During and after the First World War, Hentschel's stock assets became worthless. In the "Keim-Siedlung Niegard ", located in a peat area near Westerwanna , he built a new existence and in 1923 called for the formation of the Artam League . He thus triggered the founding of the Bundischen youth movement of the Artamans , which Heinrich Himmler and Walther Darré also joined.

He gave up his party membership in the NSDAP ( membership number 144.649) on August 1, 1929, according to reports from the NSDAP district in East Hanover, in December 1932.

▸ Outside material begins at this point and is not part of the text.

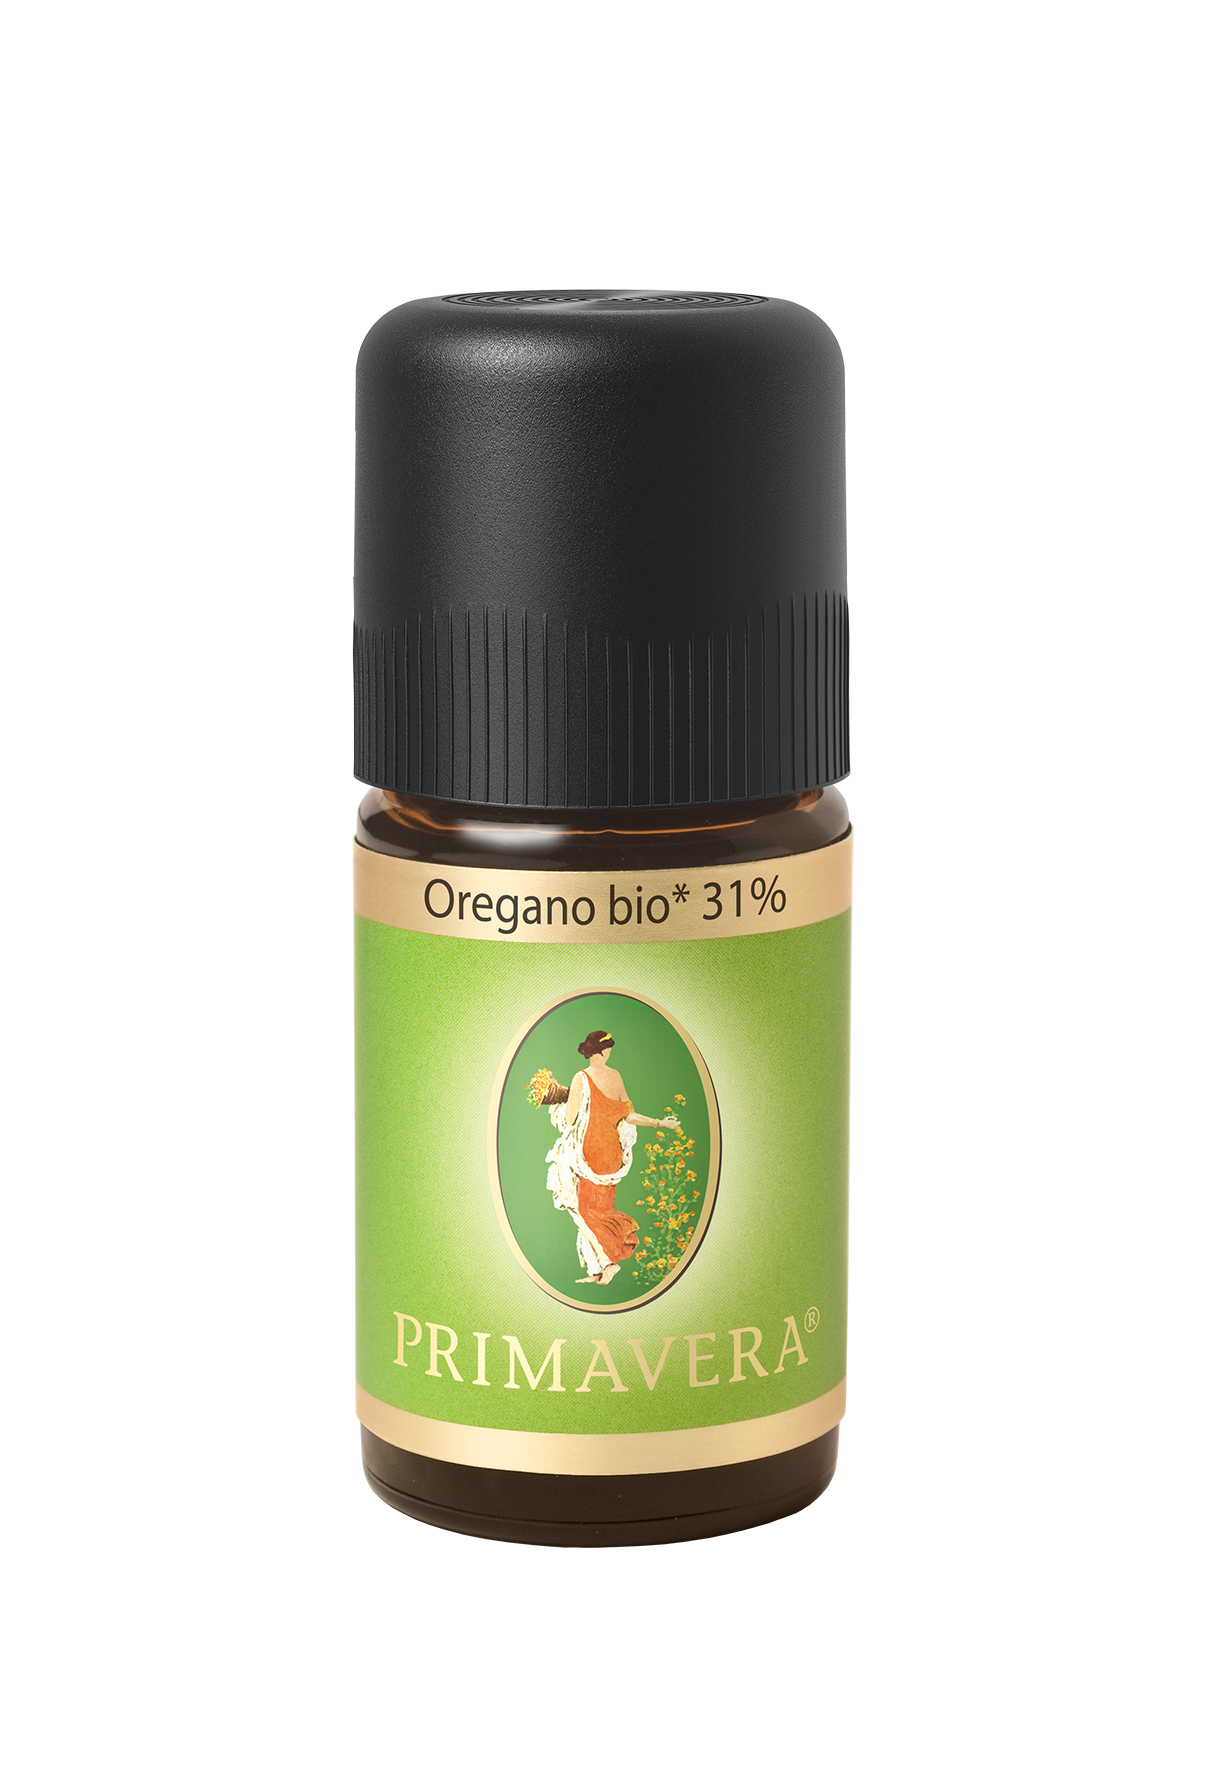 Primavera® Ätherisches Öl, Oregano bio 31%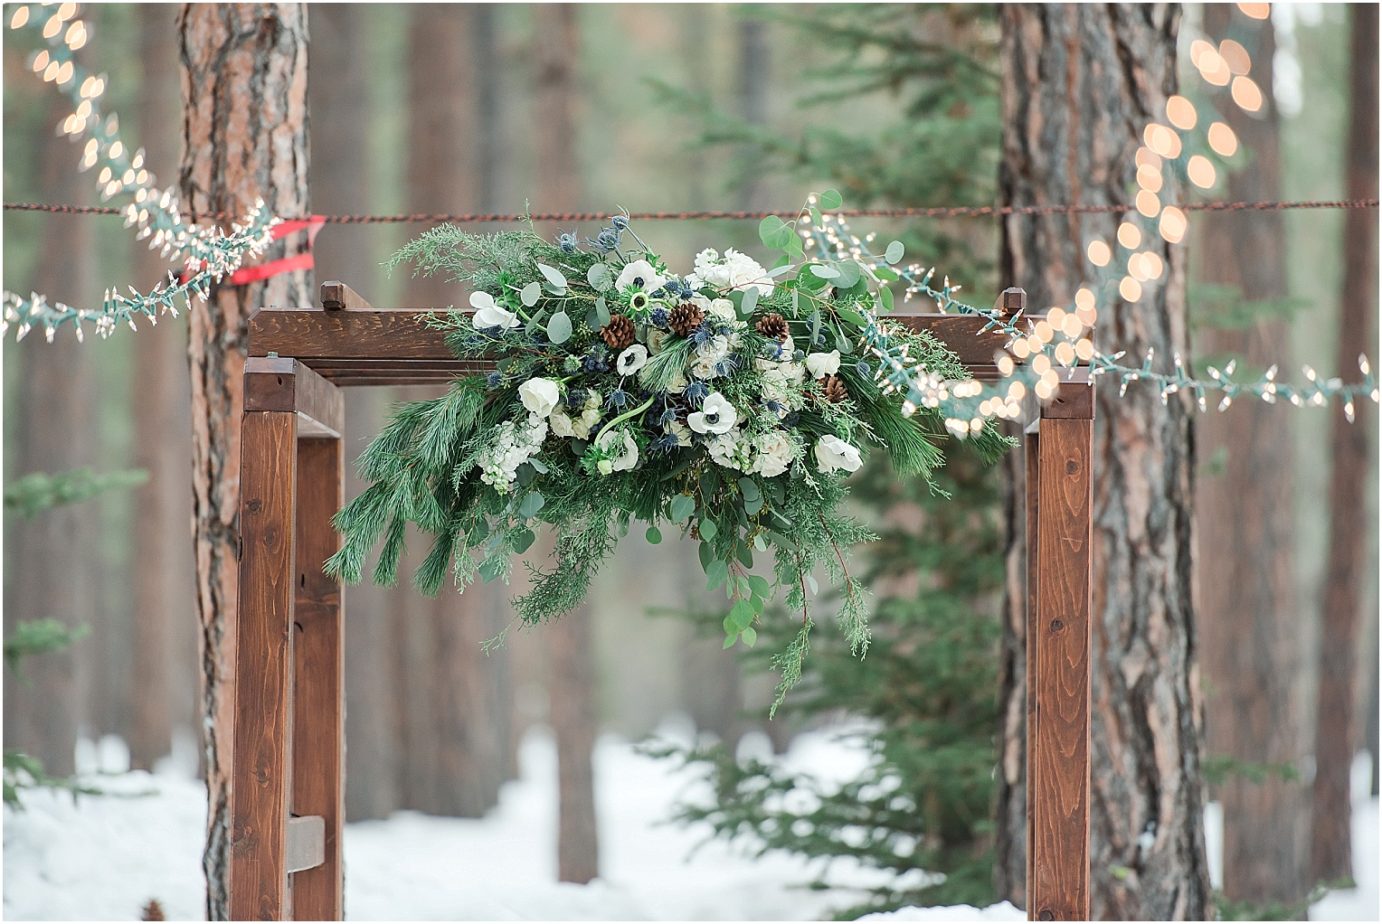 Favorite wedding flowers of 2017 For brides Five Pine Lodge wedding flowers

Hentschel had numerous followers. His teacher Ernst Haeckel z. B. shared his views on racial hygiene . Further admirers were Erich Ludendorff and Adolf Hitler , who handwritten congratulations to the Hentschel couple on their diamond wedding in 1941 - despite leaving the party. Hentschel's influence on National Socialism consisted in addition to the nationalist ideas, as it was finally expressed in Lebensborn , above all in the implementation of the Hitler salute initiated by him .

literature

  • Dieter Löwenberg: Willibald Hentschel (1858-1947), his plans for human breeding, his biologism and anti-Semitism . University of Mainz, Mainz 1978 (dissertation).
  • Gregor Pelger: Willibald Hentschel . In: Handbook of the Volkish Sciences. People - institutions - research programs - foundations. Edited by Ingo Haar , Michael Fahlbusch . Among employees v. Matthias Berg, Munich 2008, ISBN 978-3-598-11778-7 , pp. 239–243
  • Uwe Puschner: Volkish intellectuals? The example of Willibald Hentschel. In: Intellectuals and Anti-intellectuals in the 20th Century. Edited by Richard Faber , Uwe Puschner . Peter Lang, Frankfurt 2013, pp. 145–184
  • Günter Hartung: German fascist literature and aesthetics. Collected studies and lectures. Leipziger Universitätsverlag , 2001 ISBN 3934565921

Individual evidence

  1. Uwe Puschner : Mittgart - a national utopia . In: utopias, visions of the future, thought experiments. Literary concepts from another world in western thought from antiquity to the present . Edited by Klaus Geus . Frankfurt / Main: Peter Lang, pp. 153–181 (= civilization and history 9)
  2. Matthias Piefel: Anti-Semitism and Völkisch Movement in the Kingdom of Saxony 1879-1914 . V and R Unipress, Göttingen 2004, p. 40.
  3. ^ Uwe Puschner: Hentschel, Willibald . In: Handbook of Antisemitism: Anti-Semitism in Past and Present . Edited by Wolfgang Benz . Volume 2/1 People A – K, Walter de Gruyter, Berlin 2009, pp. 351–353, here: p. 353.
  4. a b Gregor Pelger: Willibald Hentschel . In: Handbook of the Volkish Sciences. People - institutions - research programs - foundations . Edited by Ingo Haar u. Michael Fahlbusch. Among employees v. Matthias Berg, Munich 2008, pp. 239–243, here: p. 243.